# Solving a difficult integral

I have the integral ##\displaystyle \int_{- \infty}^{\infty} \frac{\cos x}{x^2+1} dx##. We are going to use differentiation under the integral sign, so we let ##\displaystyle I(t) = \int_{- \infty}^{\infty} \frac{\cos tx}{x^2+1} dx##, and then, after manipulation, ##\displaystyle I'(t) = \int_{- \infty}^{\infty} \frac{\sin tx}{x(x^2+1)} dx - \int_{- \infty}^{\infty} \frac{\sin tx}{x} dx##. My question lies in the rightmost integral. In a solution I've seen, the rightmost integral is linked to the Dirichlet integral: https://en.wikipedia.org/wiki/Dirichlet_integral. And so ##\pi## is simply substituted for this expression. What I don't understand is how can it be linked to this known integral when there is that ##t## in the argument of ##\sin##?

kuruman
Homework Helper
Gold Member
Can you not change variables? Let ##u=tx##, etc. etc.

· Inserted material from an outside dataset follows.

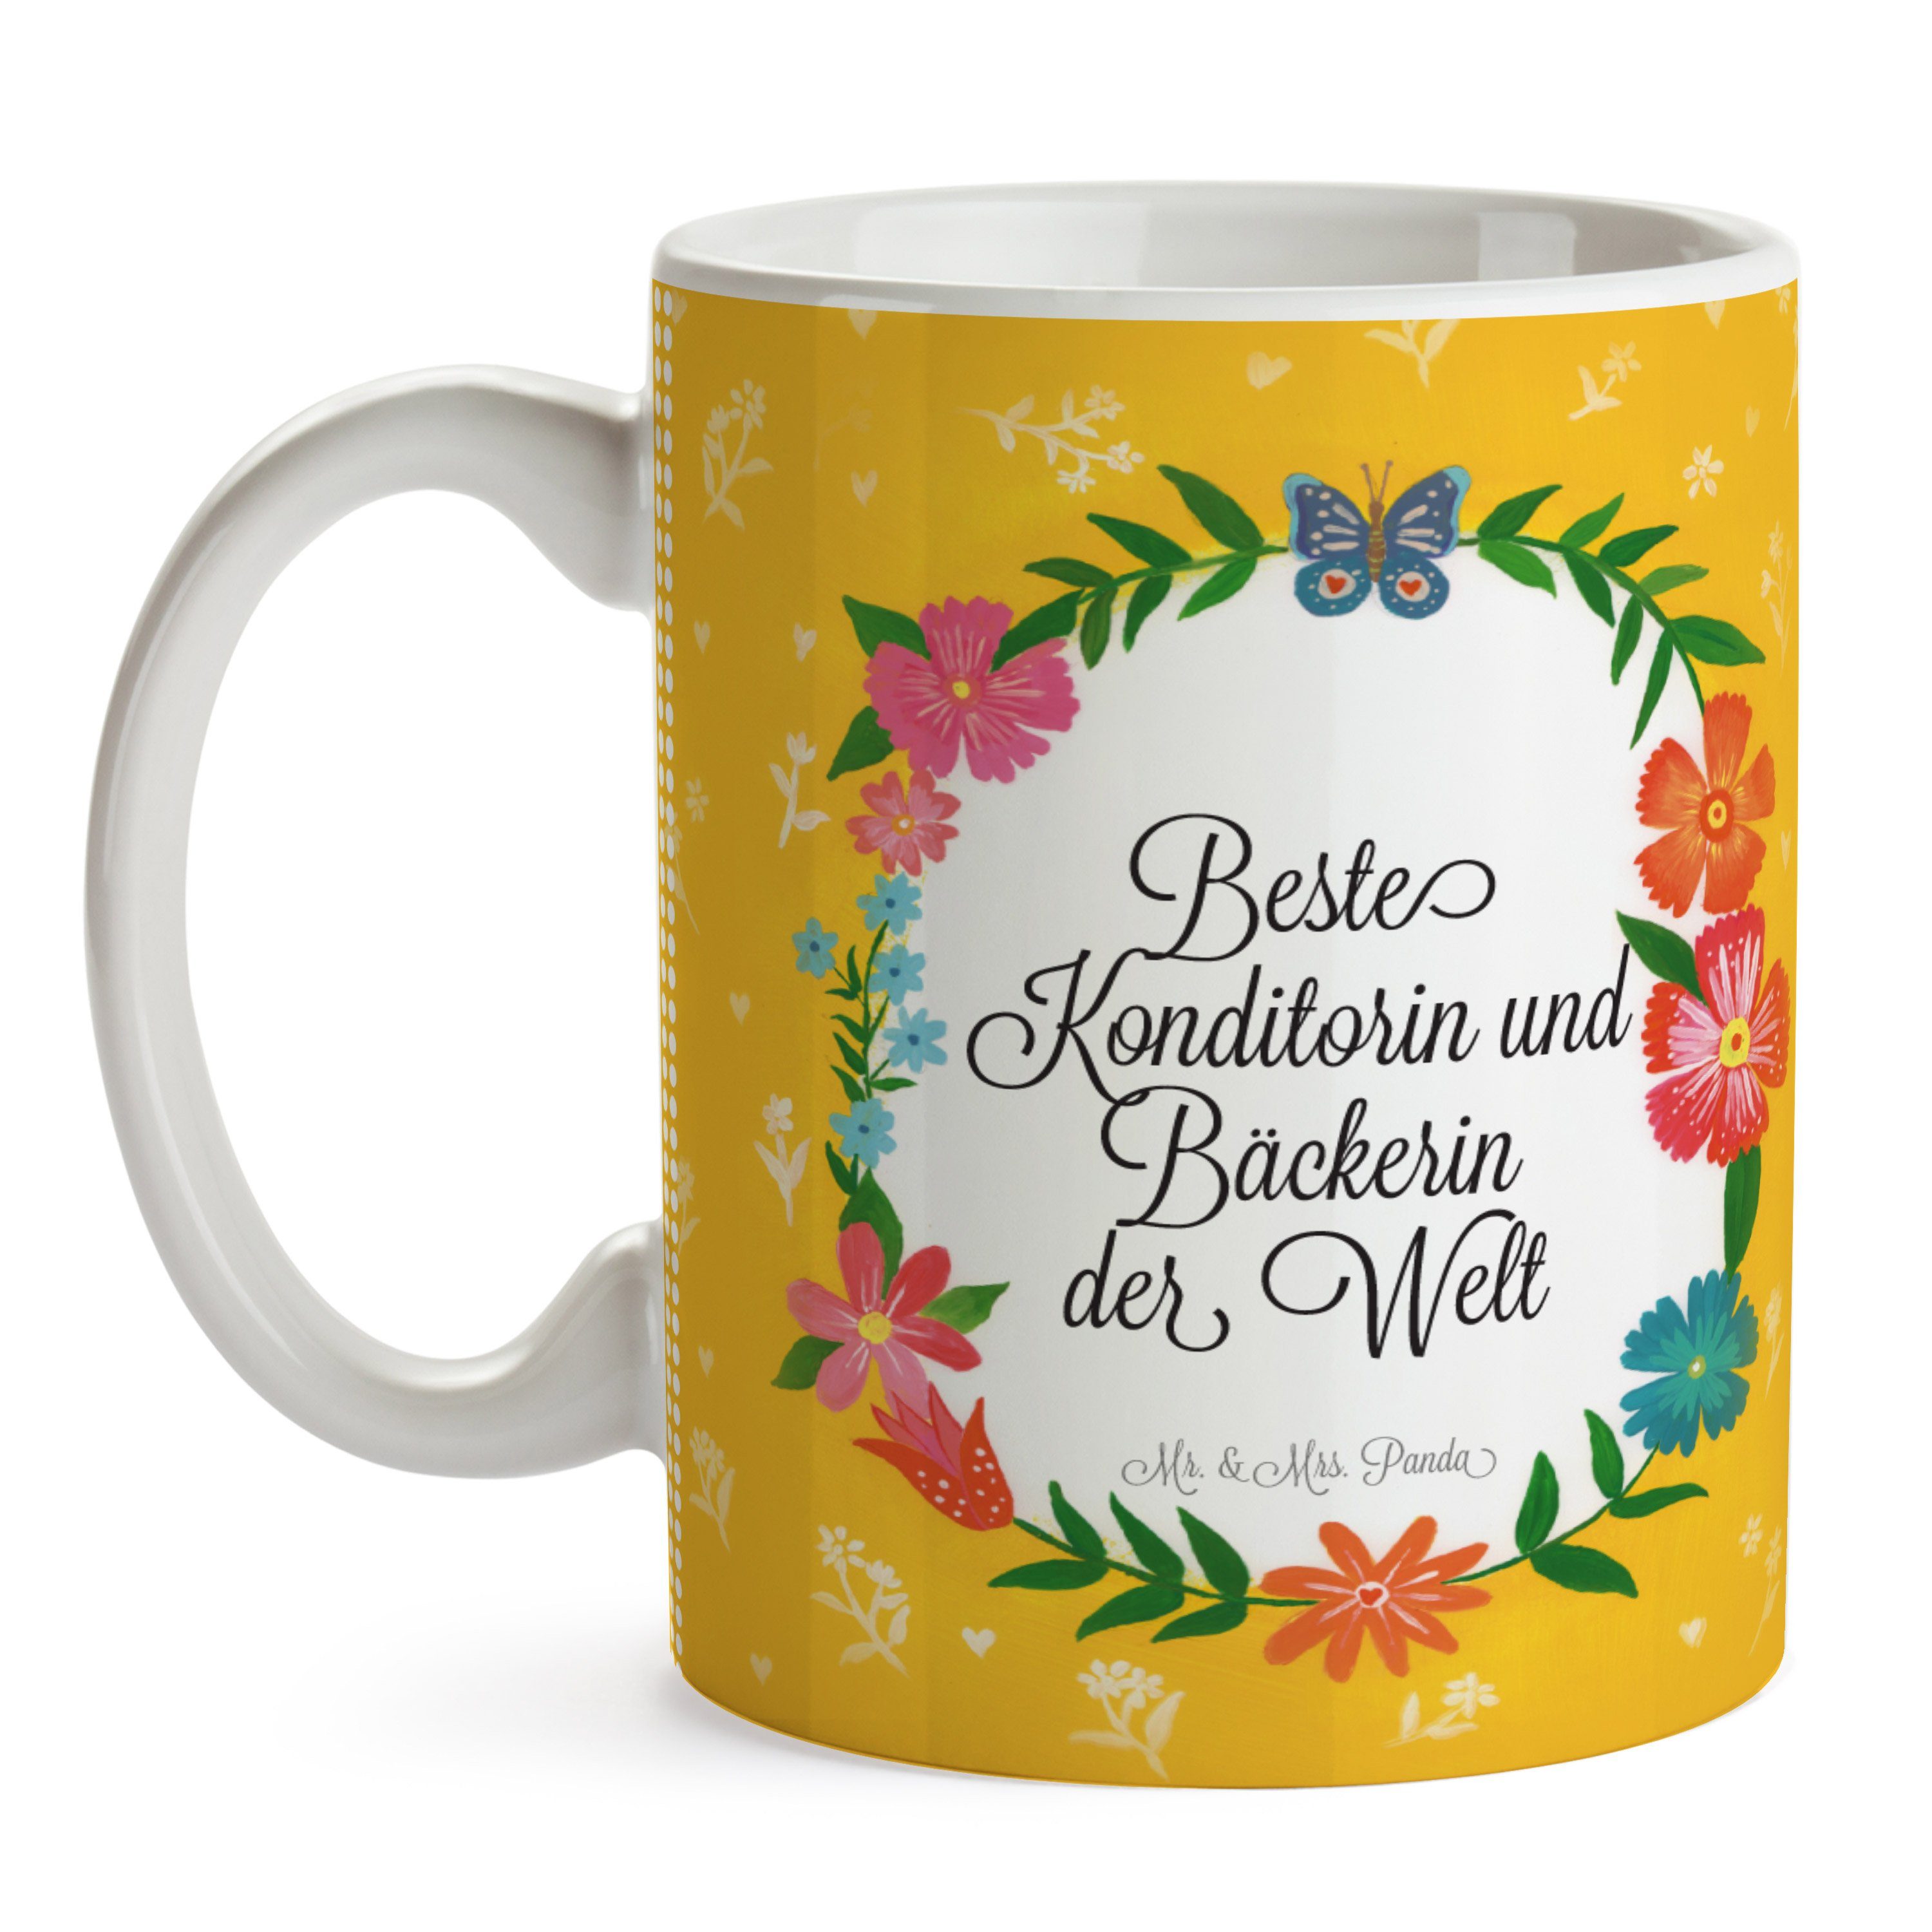 Mr. & Mrs. Panda Tasse - Keramik Tasse, Konditorin Kaffeetasse, Studium, Büro und Geschenk, Bäckerin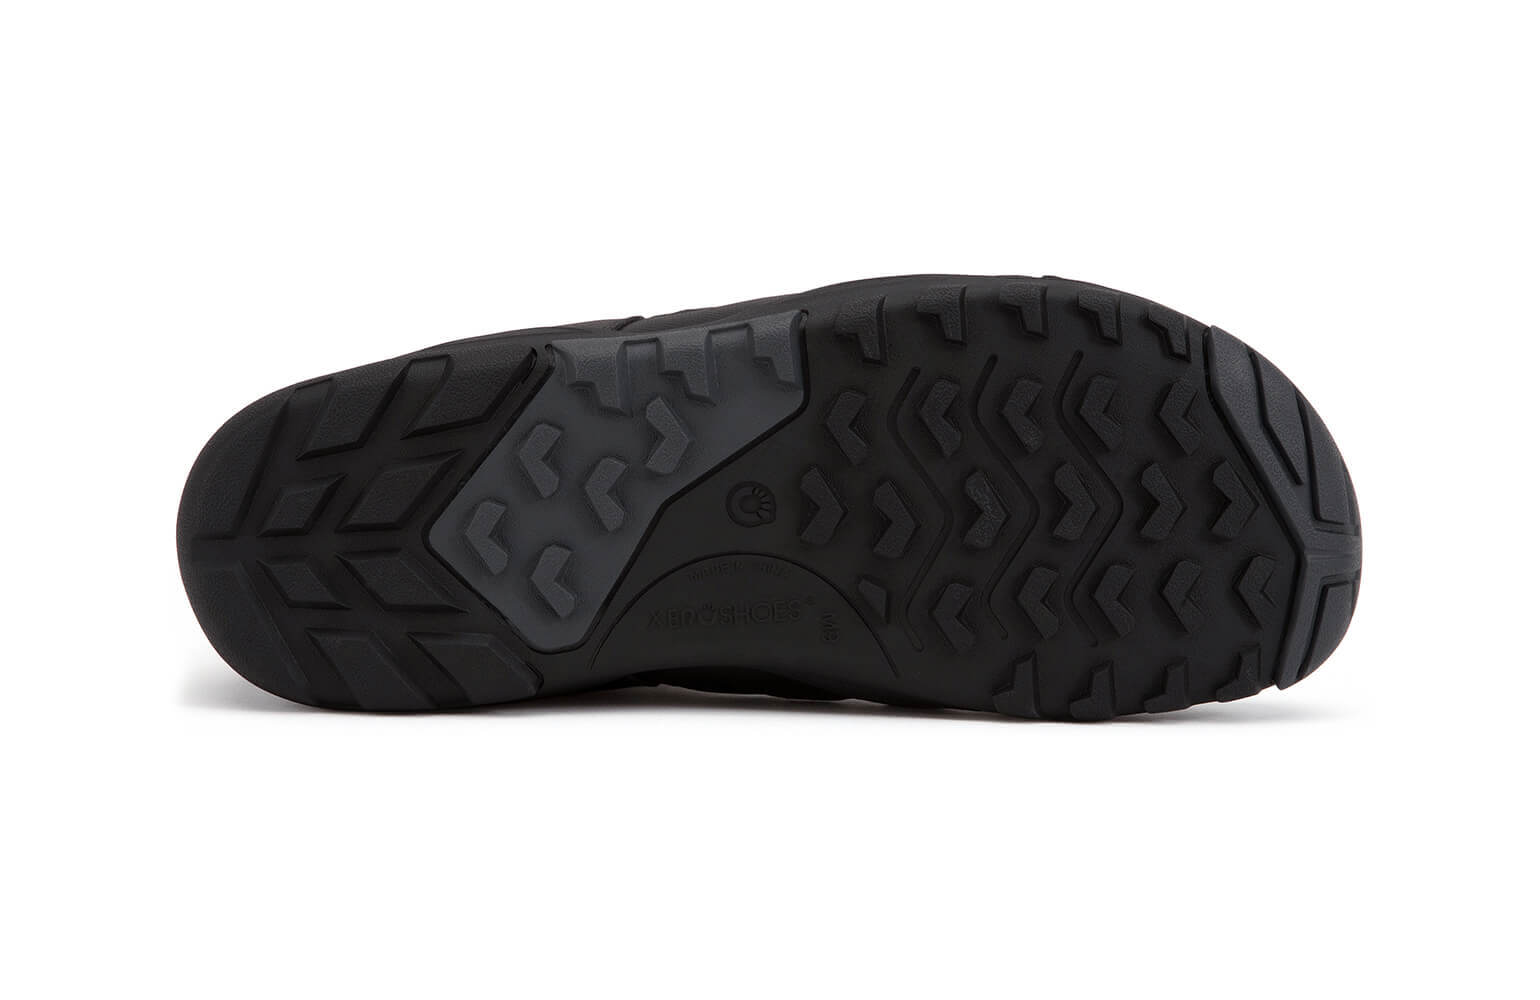 Xero Shoes | Alpine | black w/o trees [AEM-BLC] heren, maat 45 eu

Can you not change variables? Let ##u=tx##, etc. etc.
Okay, I see how that could work... But I don't know the sign of t, right? As such I can't tell whether the upper bound on the integral goes to ##+ \infty## or ##- \infty##

kuruman
Homework Helper
Gold Member
The final answer should not depend on the sign of ##t## because ##I(t)=I(-t)##. You have an even function in ##x## and ##t##. That helps you to link to the Dirchlet integral by putting a ##2## up front and taking the limits from zero to infinity.

Is there a reason for why you don't deal with the original integral via calculus of residues?